(Data listing begins)
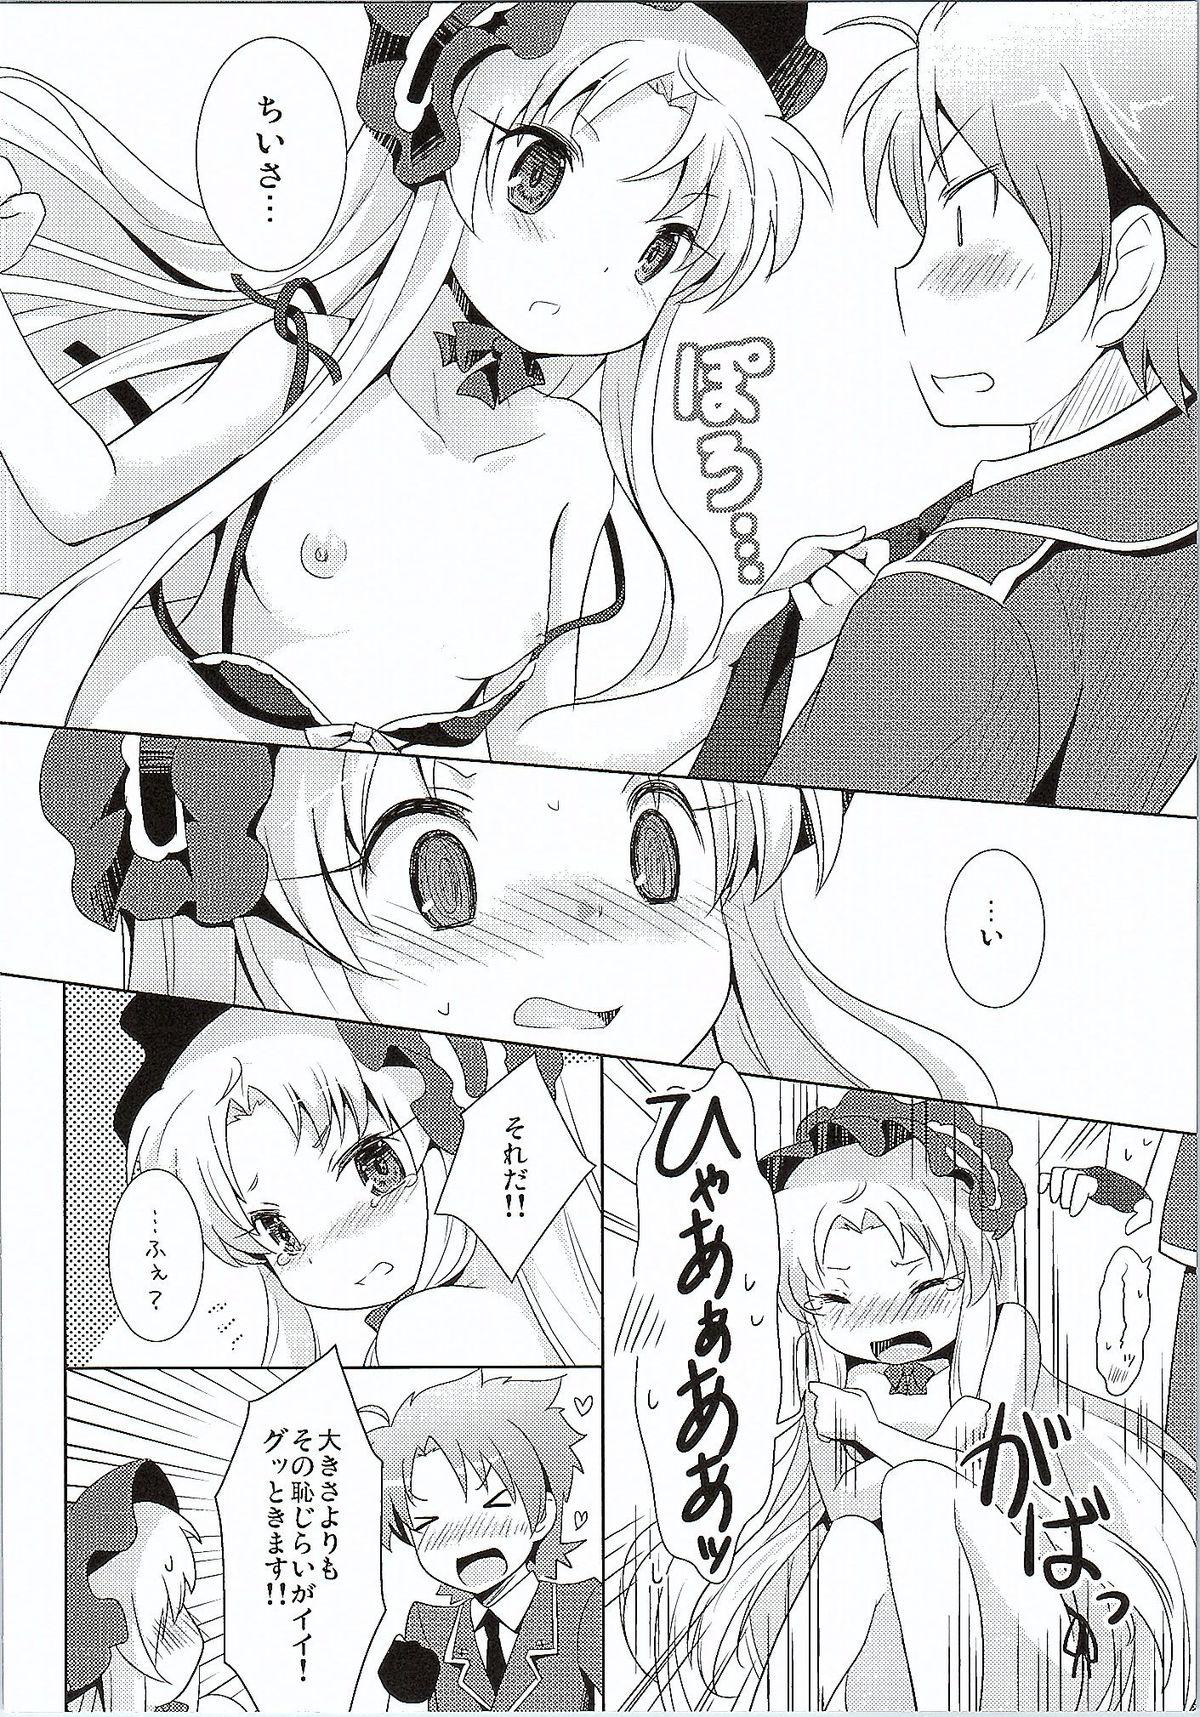 Canadian Breaker Complex - Kaitou tenshi twin angel Licking Pussy - Page 7
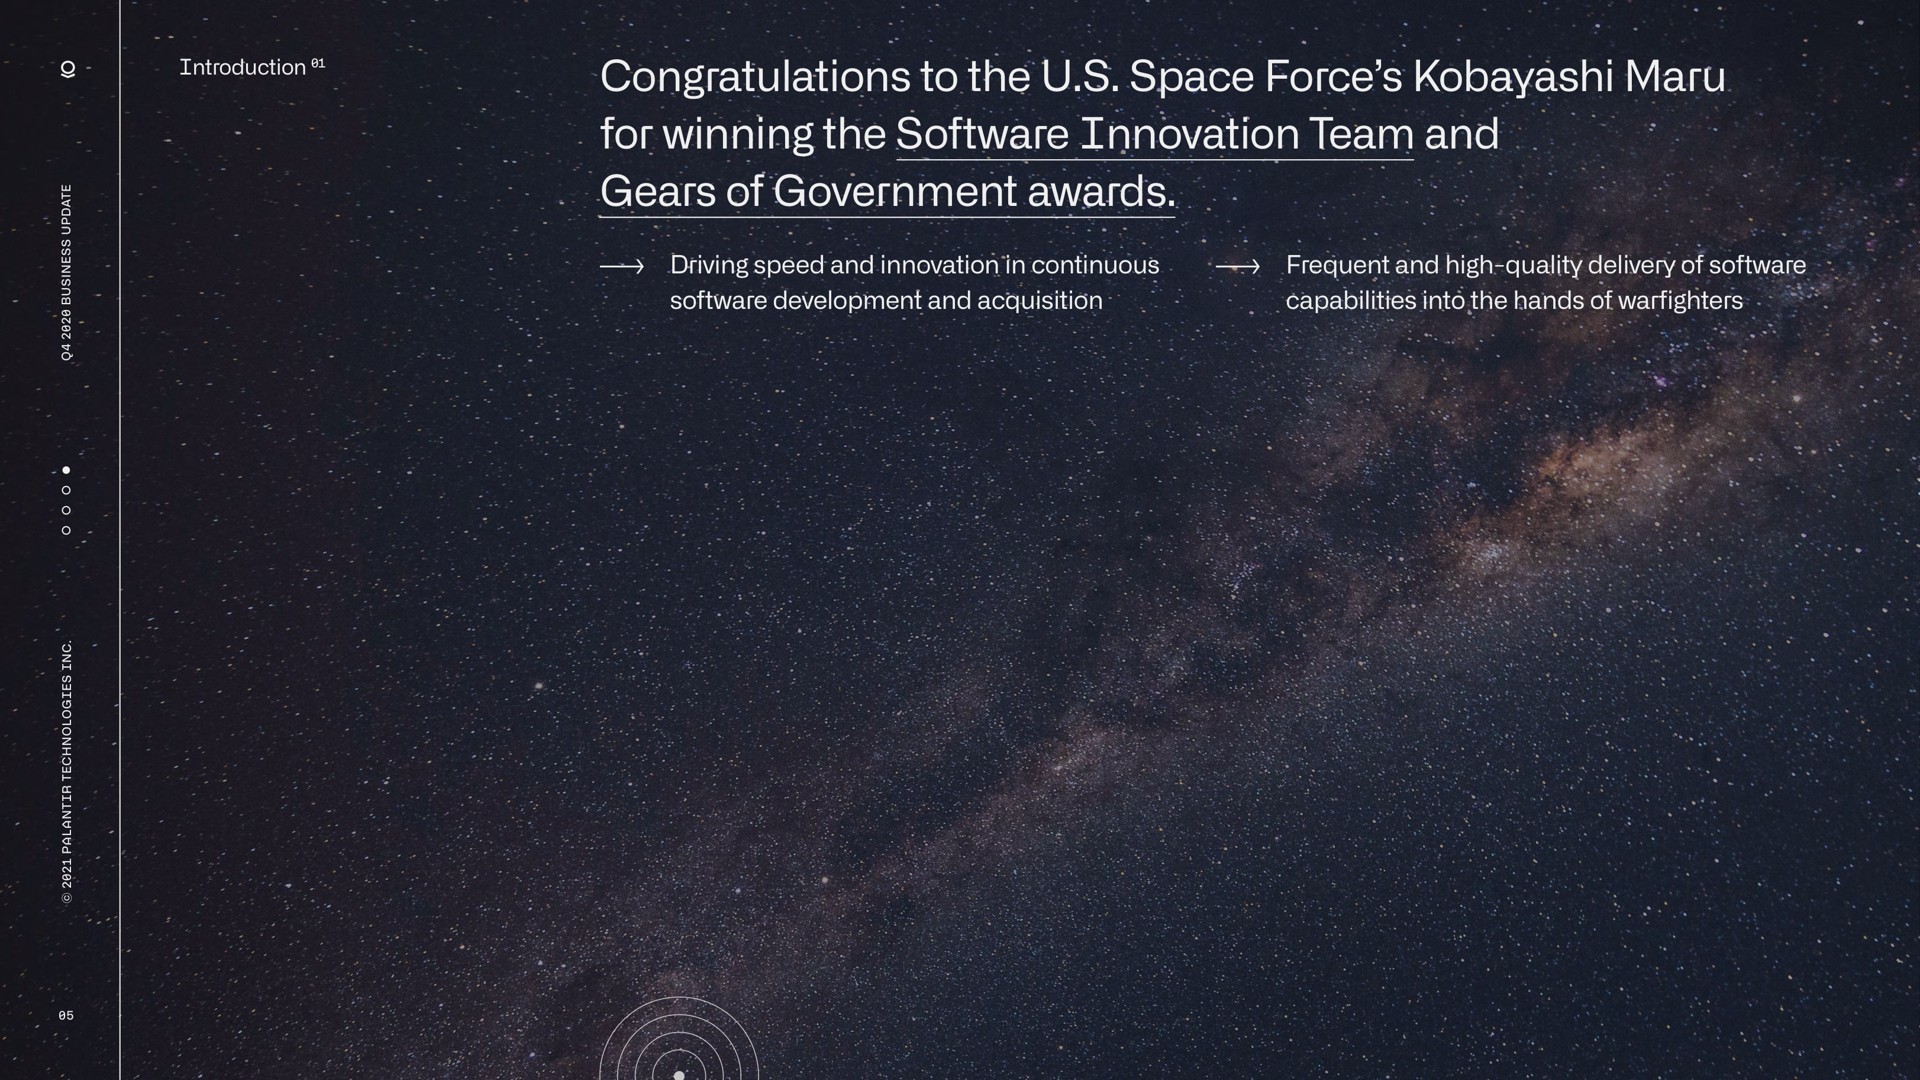 congratulations to the space force maru for winning the innovation team and gears of government awards moneys | Palantir
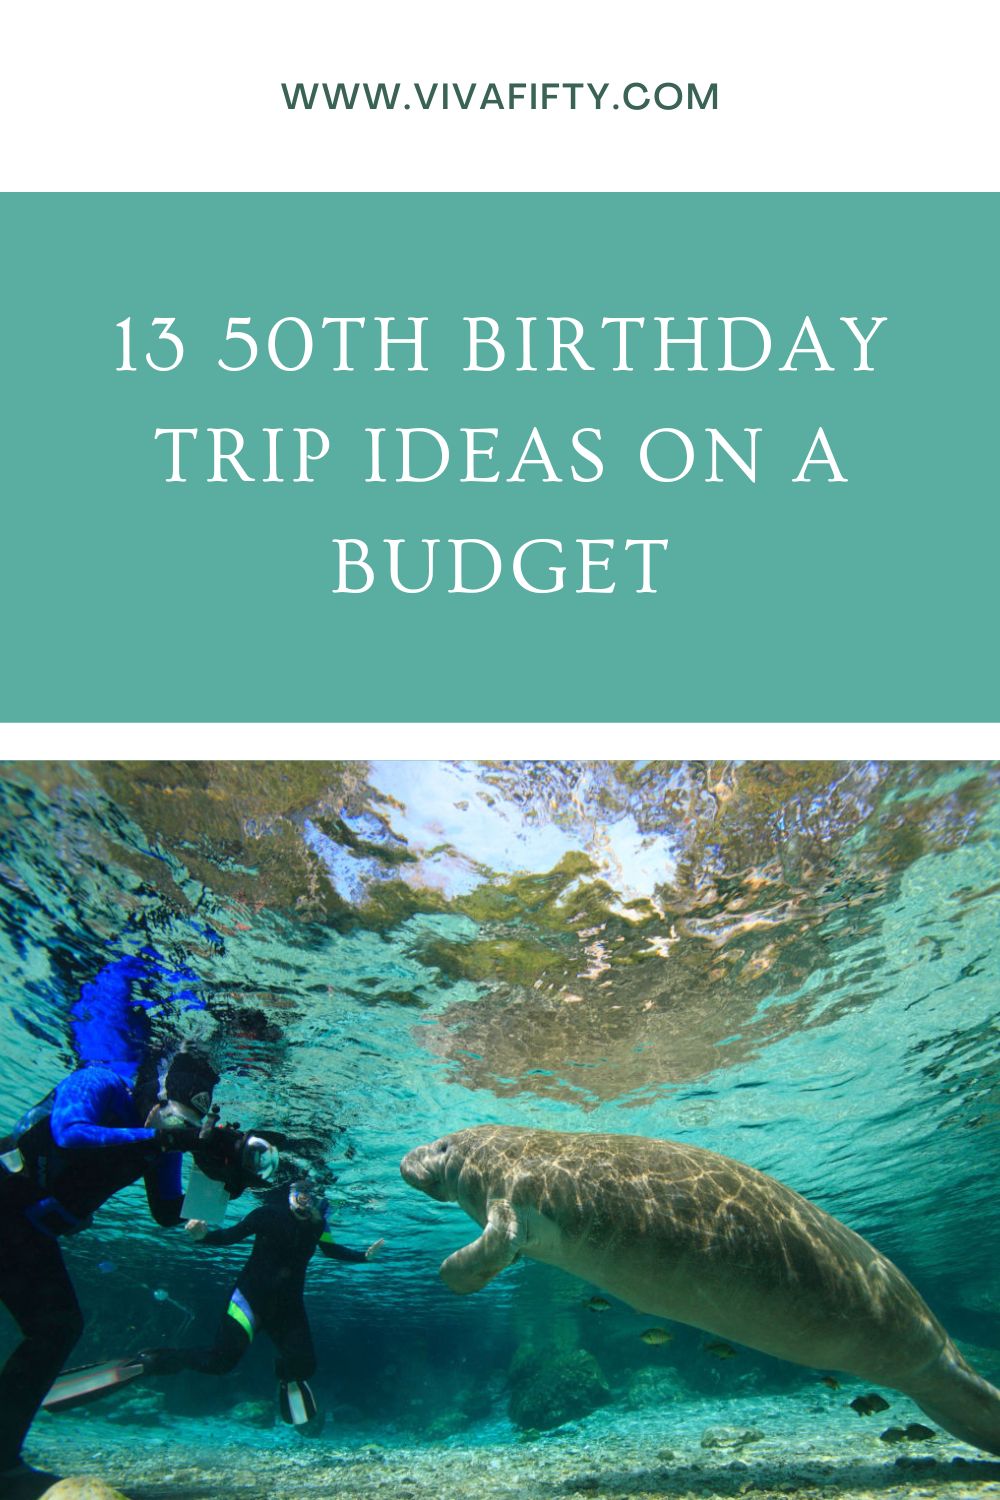 If you’re looking for affordable trips for a 50th birthday celebration, here are a few destinations and activities that are fun and budget-friendly.
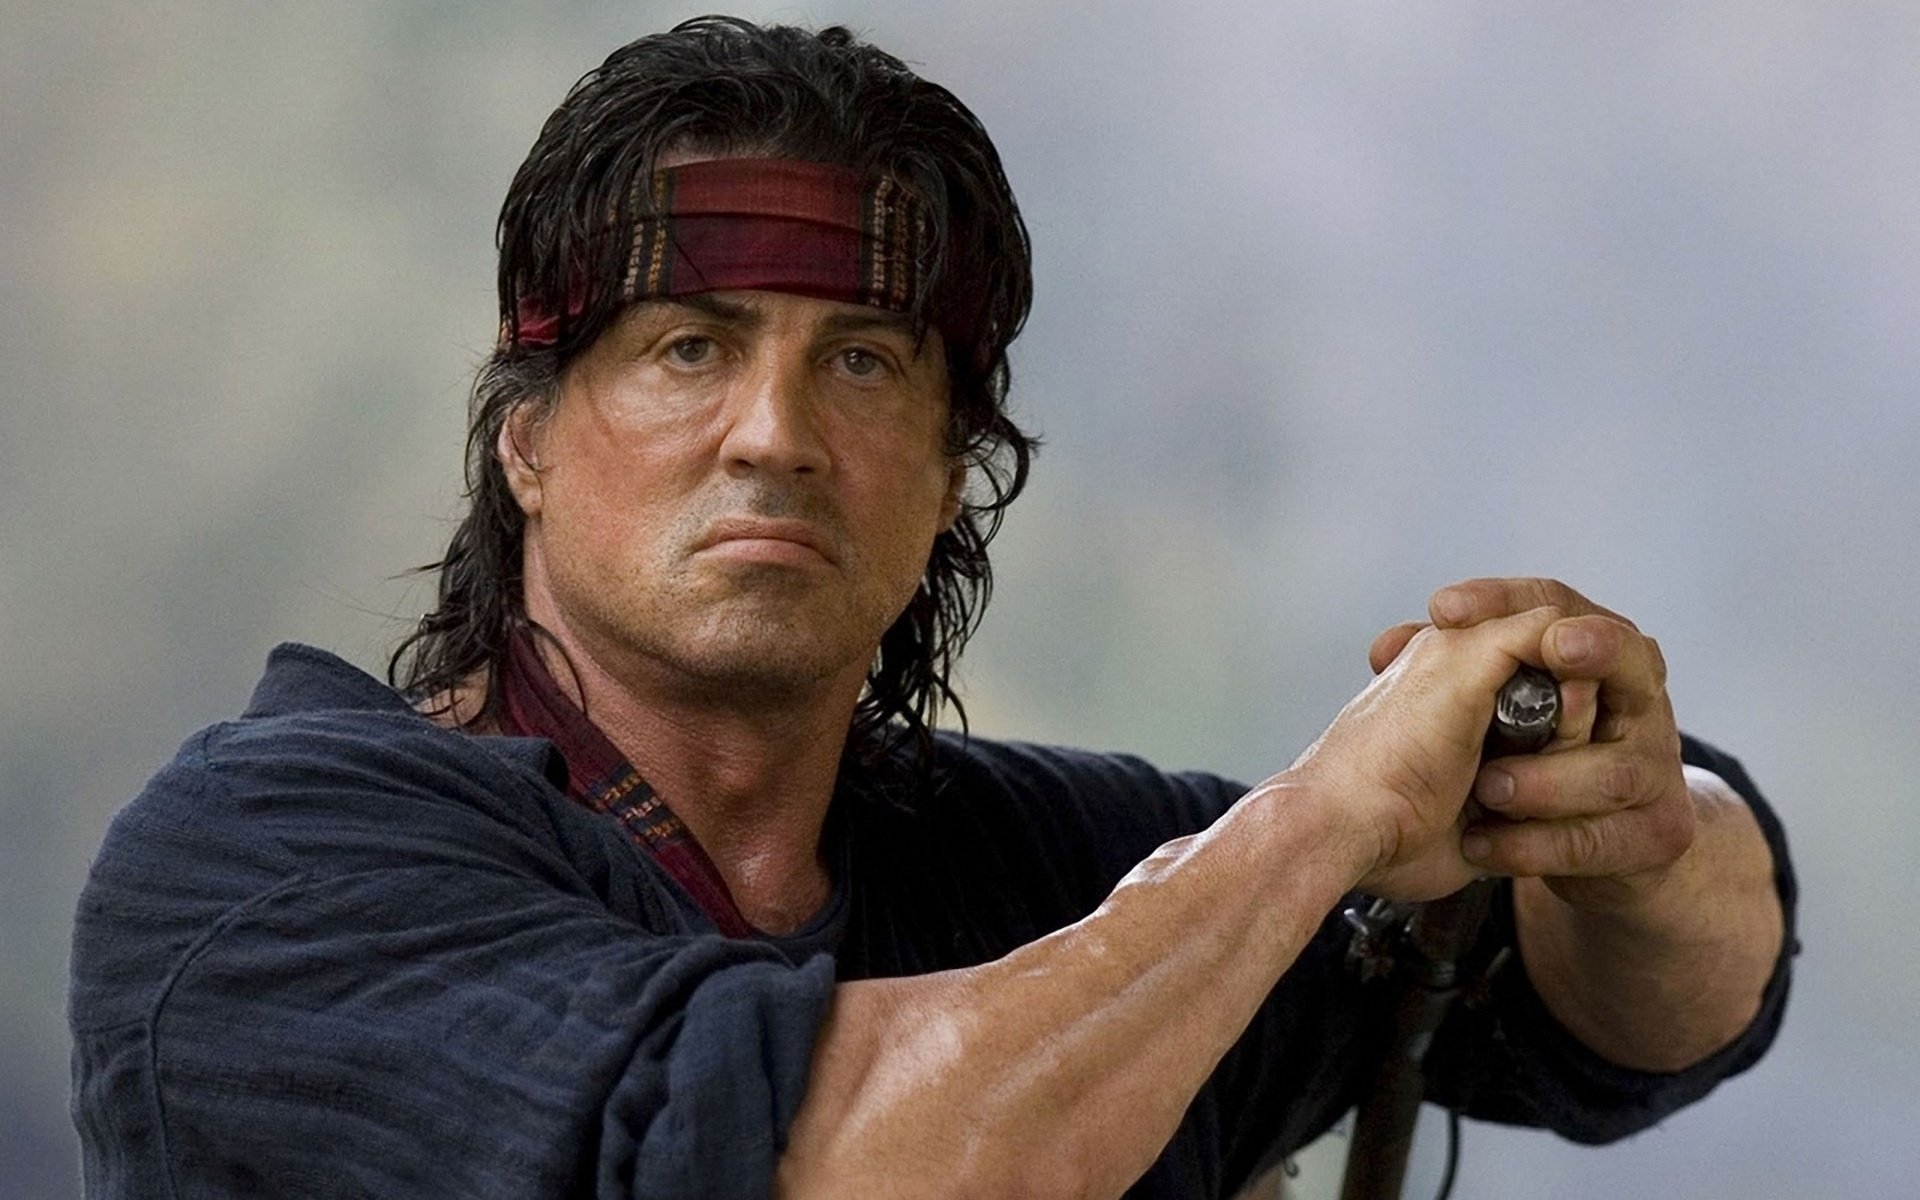 Wallpaper. Movies. photo. picture. Rambo Stallone, actor, the film
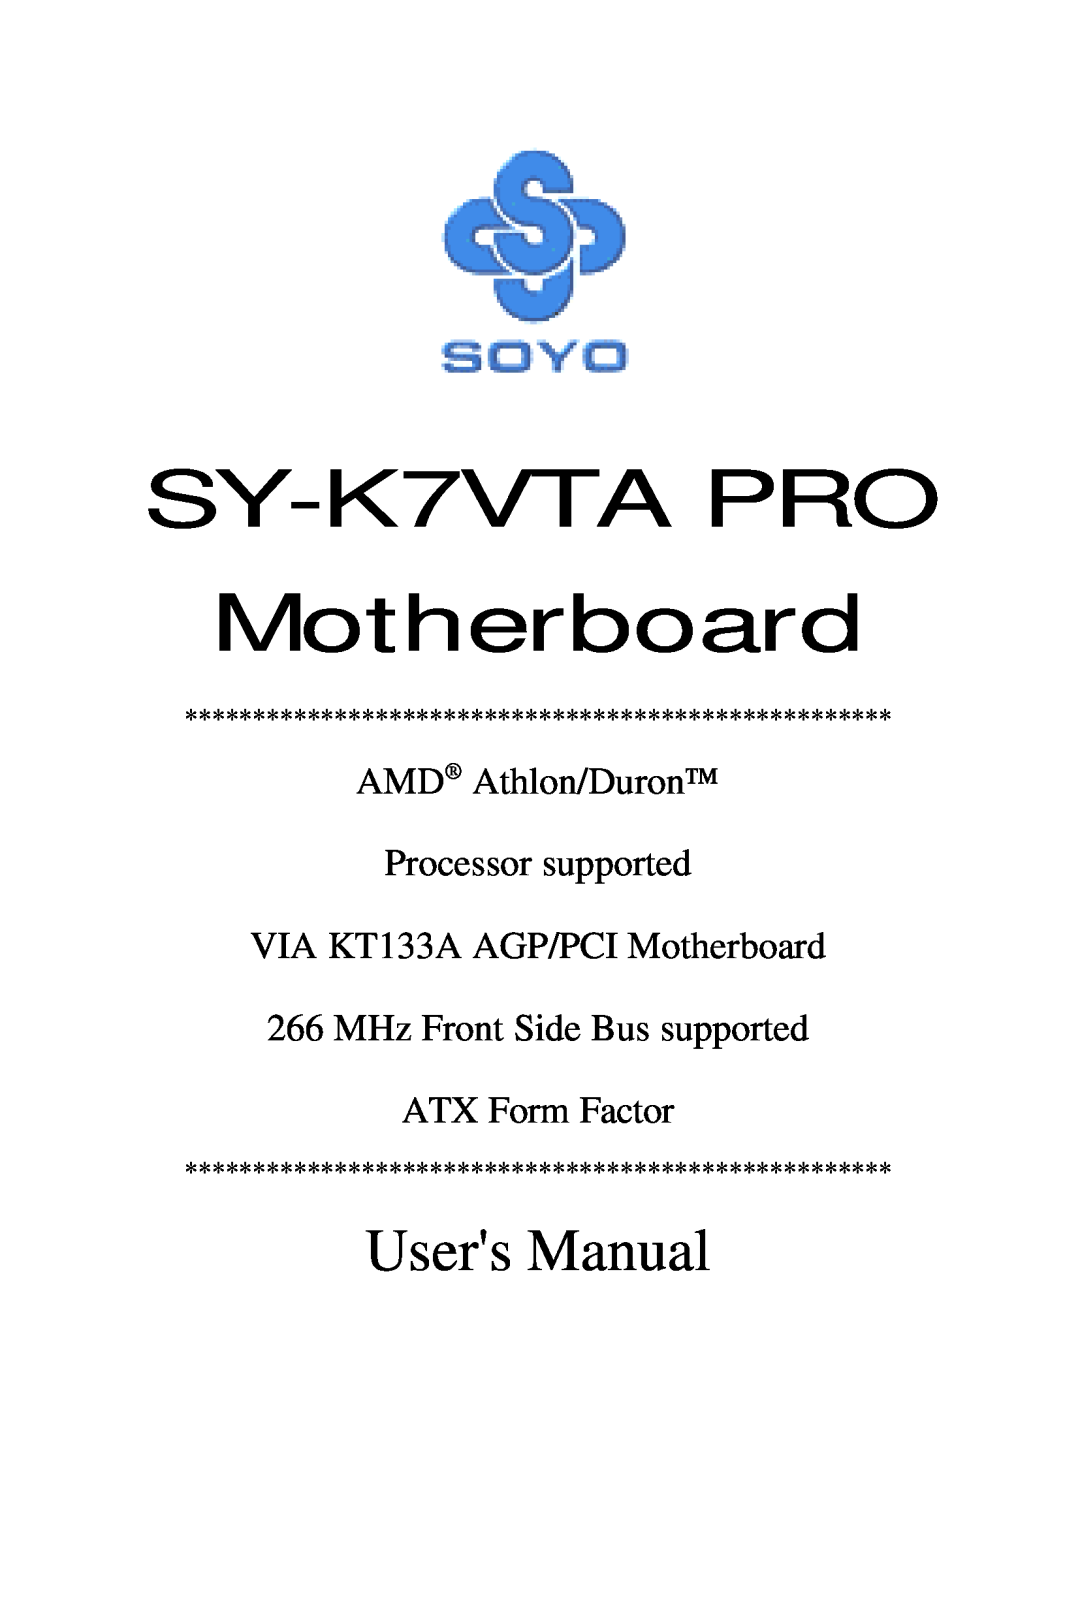 SOYO SY-K7VTA PRO user manual Motherboard, Users Manual, MHz Front Side Bus supported ATX Form Factor
(Data listing ends)
# To do
Please reproduce verbatim the lines from the line with "Wallpaper. Movies. photo." through the final line of the listing, inclusive of both ends. Omit all pictures.

# Solution for this problem
 Wallpaper. Movies. photo. picture. Rambo Stallone, actor, the film
 SOYO SY-K7VTA PRO user manual Motherboard, Users Manual, MHz Front Side Bus supported ATX Form Factor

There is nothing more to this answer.